ANALYSIS-Success derails biofuels bandwagon

 

06 Mar 2007 12:12:25 GMT
Source: Reuters
 

(This is part of a series on renewable energy)

 

By Gerard Wynn and Muriel Boselli

 

LONDON/PARIS, March 6 (Reuters) - A global, government policy-fuelled rush to produce biofuels is backfiring as it pushes up costs and makes the environmentally-friendly alternative fuel far less competitive.

 

Made from plants, bioethanol and biodiesel emit fewer greenhouse gases than fossil fuels and have been hailed as an answer to both climate change and energy security.

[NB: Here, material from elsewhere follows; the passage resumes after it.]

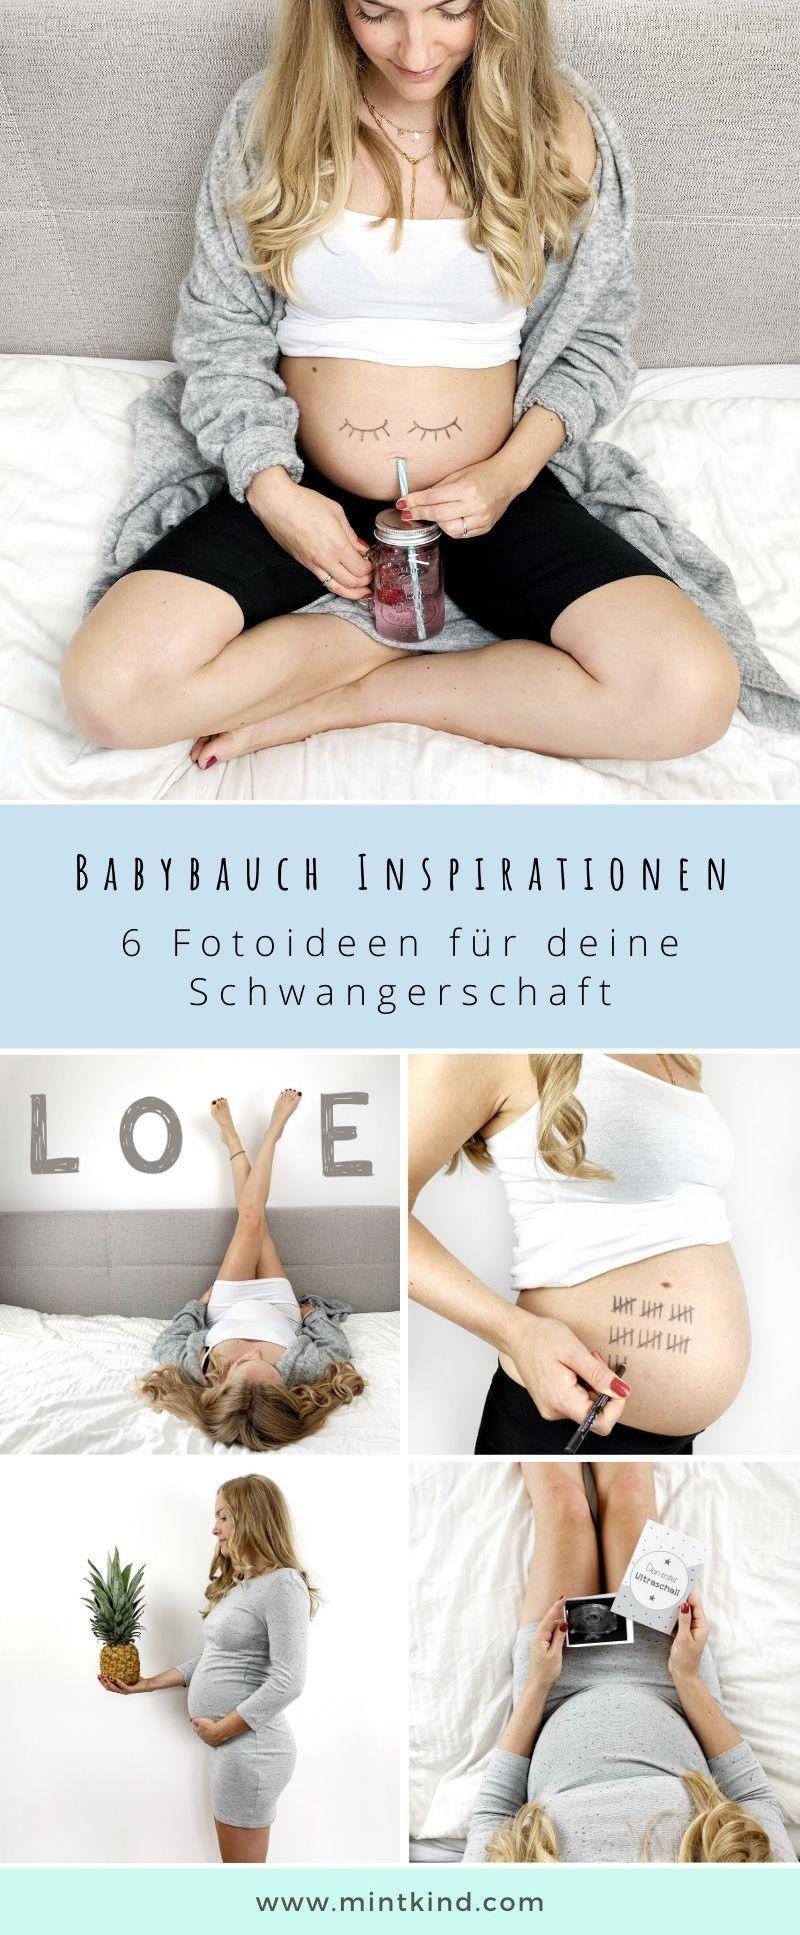 Photo of Babybauch Inspirationen – 6 Fotoideen für deine Schwangerschaft – mintkind – Blog
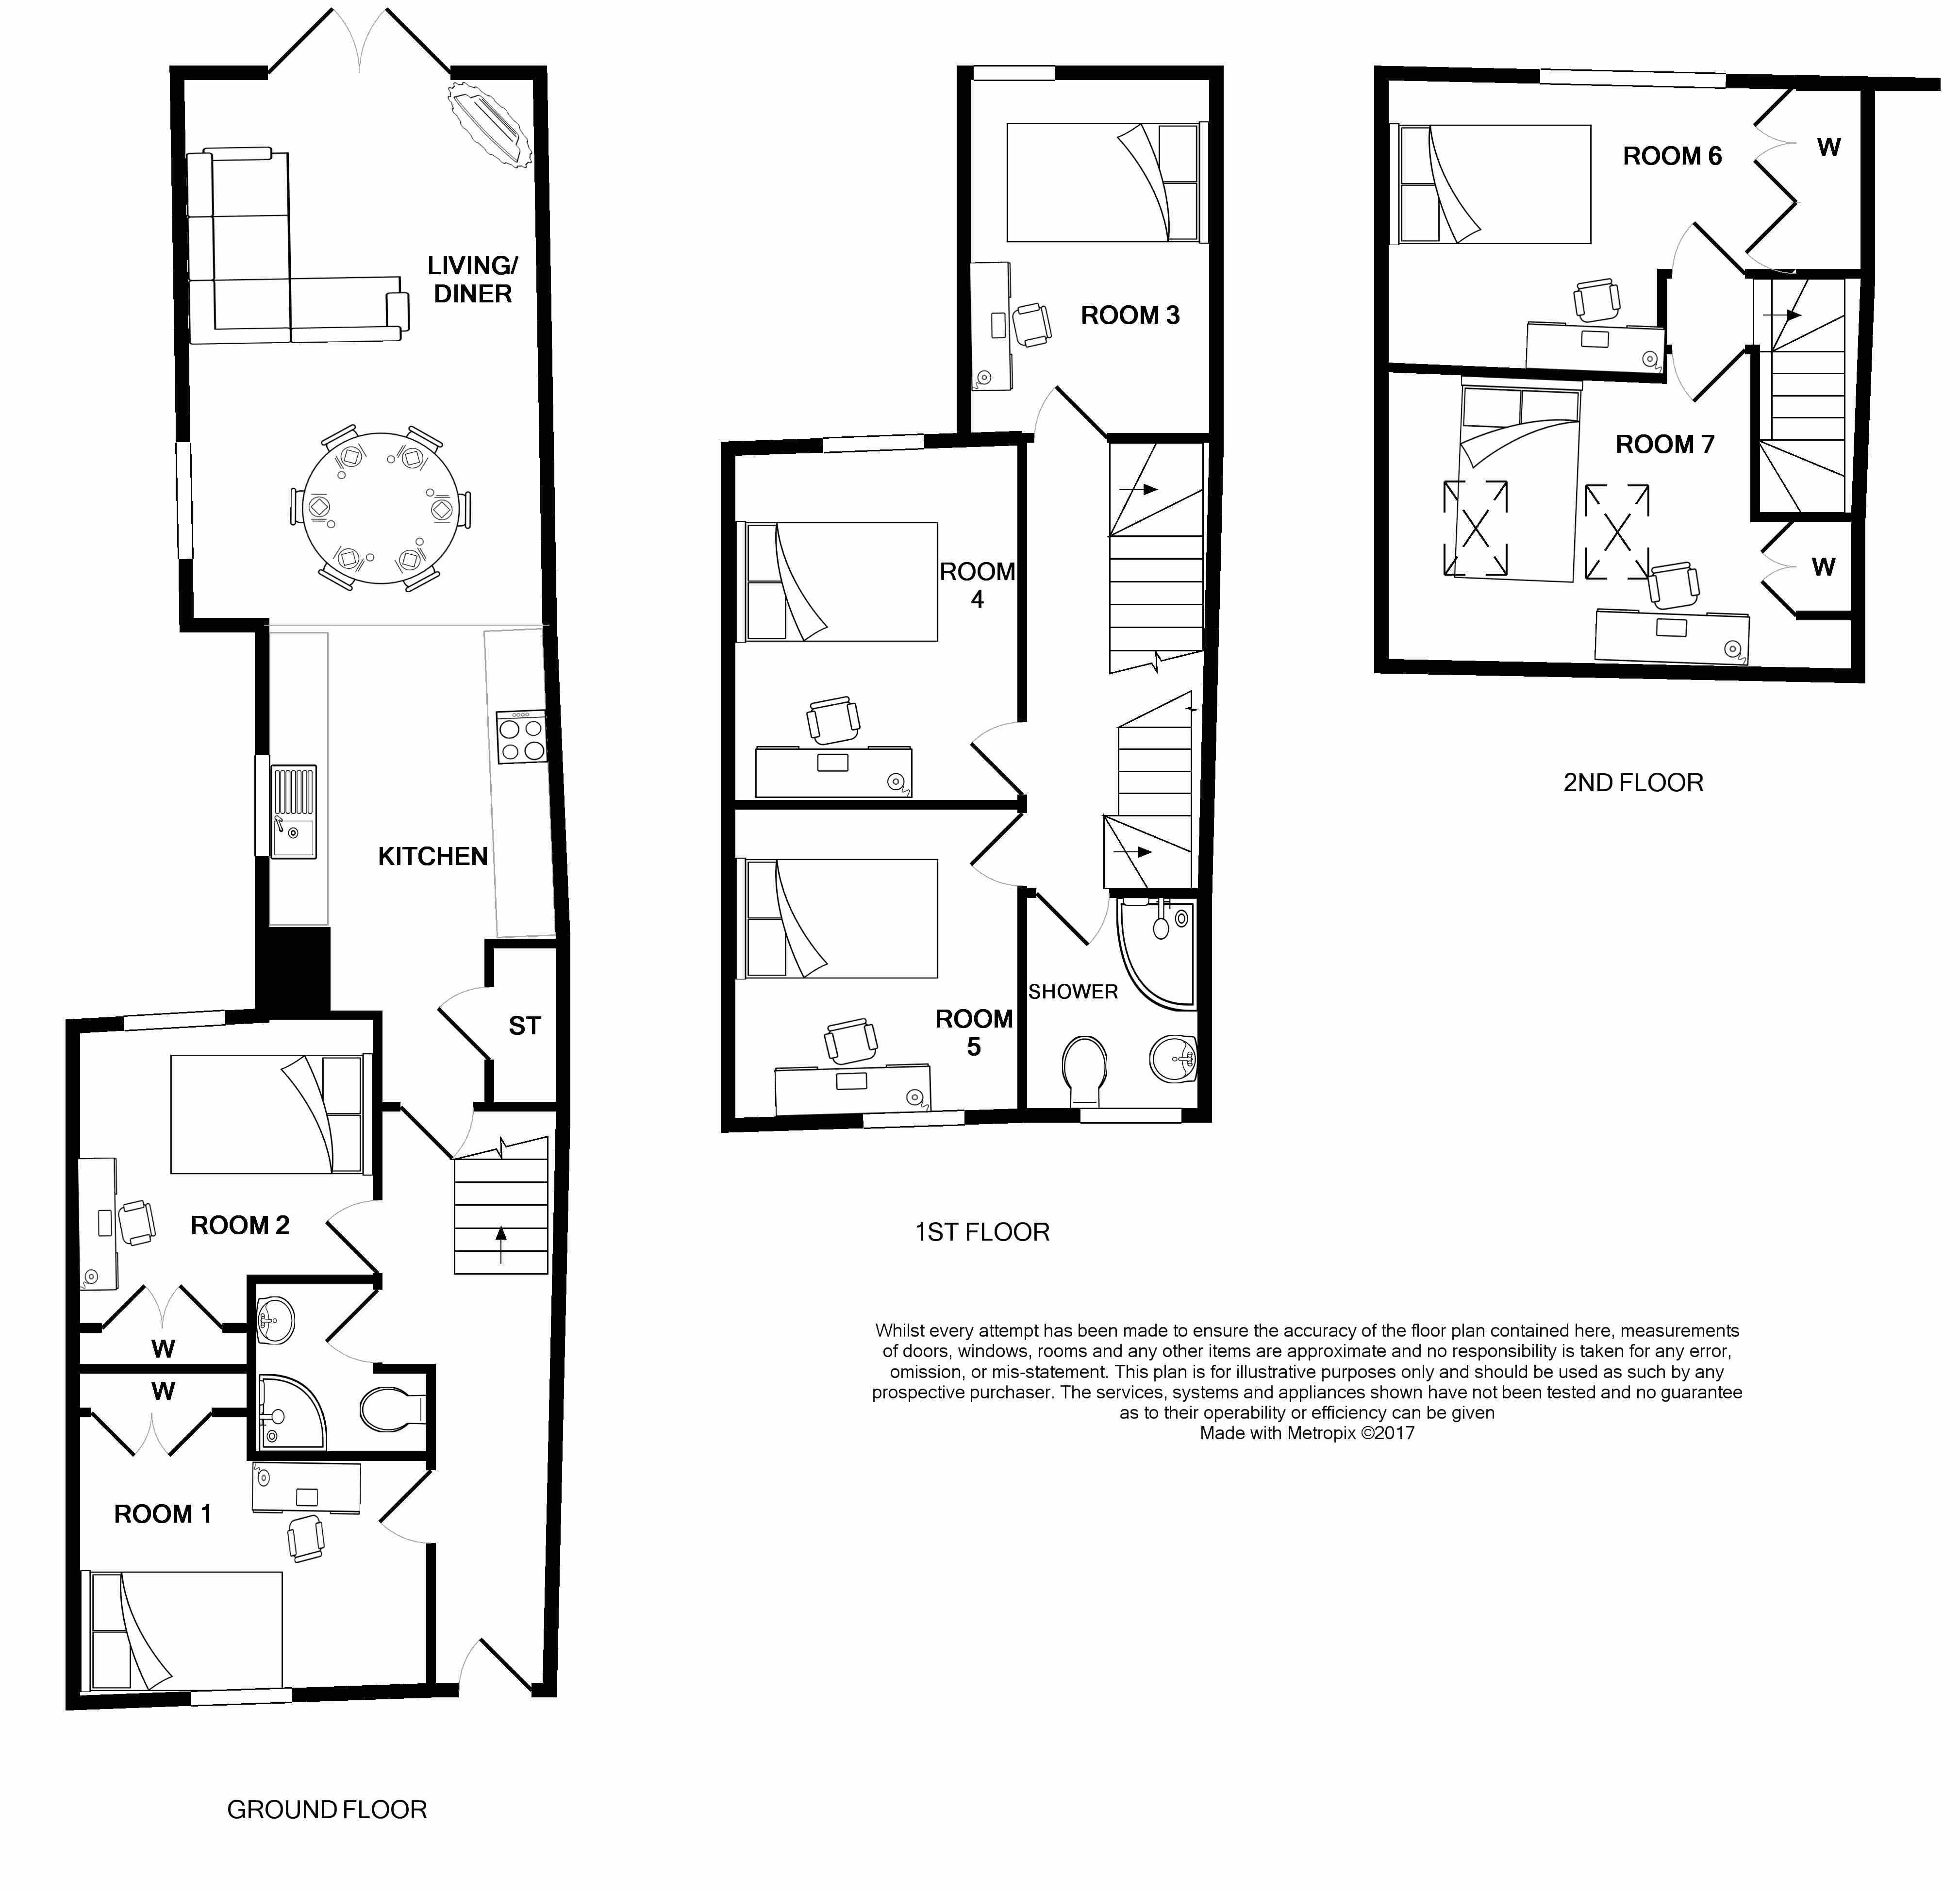 84 Bedford Street floorplans

U.S. and European backing look to have secured their long-term future.

 

But in the near term a looming biofuels glut plus falling rival crude oil prices, down a fifth on last summer's highs, mean producers can less easily pass on their spiralling costs.

 

The present dip will last until demand rebounds, perhaps as far off as the end of the decade.

 

"The two key ingredients for a dynamic biofuel sector are sky-high crude prices and cheap feedstocks," said Raffaello Garofalo, head of the European Biodiesel Board (EBB).

 

European Union leaders are expected this week to agree a binding target for the 27-nation bloc to get a tenth of its transport fuels from biofuels by 2020.

 

Falling oil prices are hurting sales of biofuel which was barely competitive before, pricking European and U.S. europhia built on subsidies and ambitious targets.

 

Profits are still to be had but a continuing scramble for raw materials like corn, soy and wheat will knock margins as producers re-negotiate more pricey supply contracts.

 

Still thriving, however, is biofuels pioneer Brazil, which has a booming domestic market where more than two-thirds of all new cars can run on either gasoline or ethanol.

 

This contrasts with the United States and Europe, which are propping up their less mature industries.

 

U.S. President George W. Bush visits Brazil this week and the world's number two ethanol producer will lobby America, the number one, to end ethanol tariffs. Brazil has support from an unlikely quarter -- the International Energy Agency (IEA), energy adviser to 26 industrialised nations.

 

Fatih Birol, chief economist at the IEA told Reuters that the U.S. and Europe should scrap import duties on developing countries and in the longer term reconsider all subsidies.

 

SQUEEZE

 

Biofuels costs will likely fall and demand and prices rise in Europe and the U.S. as better infrastructure and economies of scale kick in over the next two to three years, analysts say.

 

U.S. Democrats last week proposed a $15 billion energy plan, including boosting the country's network of ethanol service stations, for example.

 

But biofuels future also depends on oil prices, and analysts cannot guarantee crude oil will stay above the $60-$65 where it is trading now and undercutting biofuels -- excluding subsidies -- outside Brazil, according to the IEA.

 

Another factor is input cost: but sugar, corn, grain and palm oil prices are all seen holding or rising in the near term.

 

A new generation of biofuels made from waste like straw and wood chips would ease input shortages, but is not expected to be commercially available before 2009 and possibly much later.

 

In the United States soaring demand is expected to beat farmers' efforts to keep up, with high corn prices likely in the near-term, not least after Bush in January asked Congress to back a near 5-fold increase in the use of biofuels by 2017.

 

Top palm oil producer Malaysia said in February most of its 86 approved biodiesel plant licences were unlikely to come on line in the next two to three years because of the price squeeze.

 

GLUT

 

The biofuels craze is risking a surplus in the United States and elsewhere.

 

Investors F&C, with 155 billion euros ($204.9 billion) under management, says it has exited investments including the second biggest U.S. ethanol producer VeraSun <VSE.N>, because of the prospective over-supply and margin squeeze.

 

A glut is also expected in parts of Europe, where biofuels support is switching from tax credits to blending targets, and notably Germany where higher taxes have knocked sales by as much as a third this year so far.

 

"In the very short-term we have far too much production capacity," said the EBB's Garofalo.

 

Elsewhere, Spanish energy firm Abengoa <ABG.MC> is mulling suspending output at its biggest ethanol plant, partly on higher grain prices and partly because the domestic market is saturated under present blending labelling rules.

 

Oil major Total <TOTF.PA> has put on hold a biodiesel project with Finnish refiner Neste Oil <NES1V.HE>, while prospective British ethanol producer Ensus postponed last December plans to list on London's Alternative Investment Market.